MD 343 is a part of the National Highway System as a principal arterial within the city of Cambridge.

==History==

MD 343 was paved from the western city limit of Cambridge to Horns Point Road by 1921. The state highway was paved within Cambridge and extended west to Town Point Road by 1923. The state highway was extended to Lloyds in 1928 and was under construction west to Cornerville by 1930. MD 343 was completed to Hudson by 1933. The state highway followed its present path west of Cambridge. Within the city, MD 343 turned from Washington Street onto High Street into downtown Cambridge, where the state highway followed Poplar Street, Gay Street, Muse Street, and Market Street to the drawbridge across Cambridge Creek, which was completed in 1940, replacing an earlier drawbridge. From the drawbridge, the state highway followed Maryland Avenue east and Dorchester Avenue south to its eastern terminus at MD 16.

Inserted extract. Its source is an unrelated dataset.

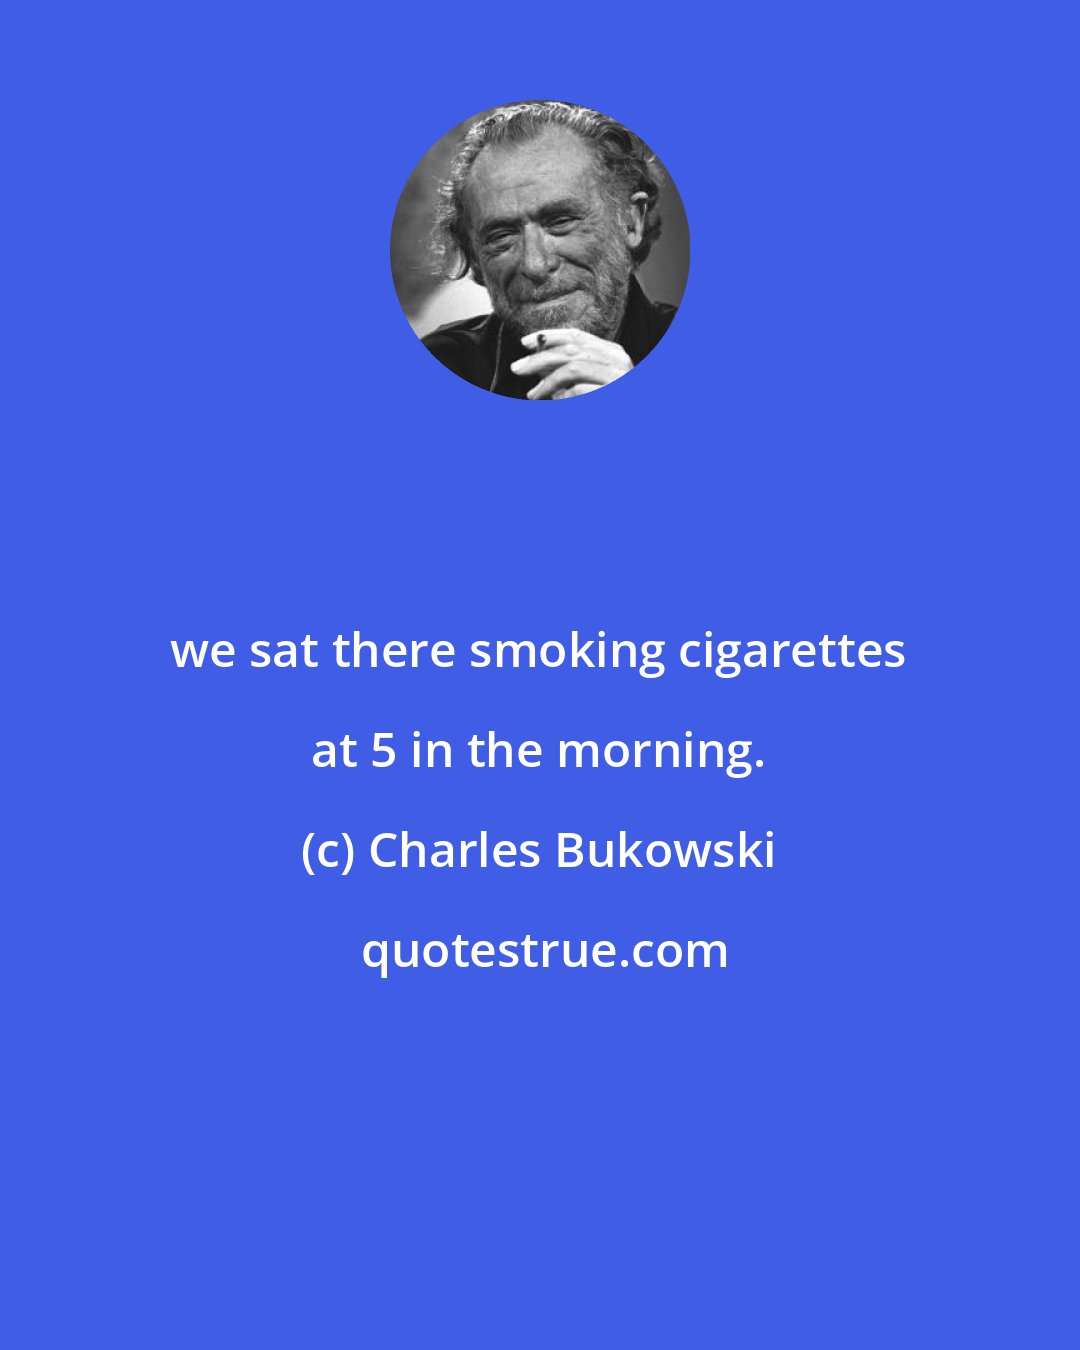 Charles Bukowski: we sat there smoking cigarettes at 5 in the morning.

Following the completion of the Choptank River Bridge and Sunburst Highway in December 1935, MD 343's eastern terminus was changed to the intersection of Sunburst Highway and Maryland Avenue. Dorchester Avenue was redesignated MD 744 by 1950. By 1956, MD 343 was removed from downtown Cambridge and replaced MD 551 from High Street to its new eastern terminus at MD 16 at the corner of Washington and Race Streets. The drawbridge over Cambridge Creek remained under state maintenance and is today designated MD 795. Finally, MD 343 was extended east along Washington Street to its present eastern terminus at US 50 when MD 16 was moved to a new bypass of Cambridge in 1967.

==Junction list==

| Location | mi | km | Destinations | Notes |
| Hudson | 0.00 | 0.00 | Hudson Road west | Western terminus |
| Cambridge | 10.37 | 16.69 | MD 341 south (Race Street) / Race Street north – Church Creek | Northern terminus of MD 341 |
| 11.11 | 17.88 | Crusader Road to US 50 west (Sunburst Highway) – Bay Bridge, Easton |  |
| 11.29 | 18.17 | US 50 east (Sunburst Highway) – Salisbury | Eastern terminus; no direct access from eastbound MD 343 to westbound US 50 |
1.000 mi = 1.609 km; 1.000 km = 0.621 mi Incomplete access;

==Auxiliary routes==
MD 343 has two unsigned auxiliary routes, both service roads near MD 343's eastern terminus where US 50 curves to the east heading from Easton to Salisbury. MD 343A is a 0.17 mi spur from MD 343 that preserves Sunburst Highway's north-south alignment just east of Dorchester Avenue. MD 343B is a 0.09 mi spur from MD 343 that continues the main highway's alignment from where it turns north to terminate at US 50.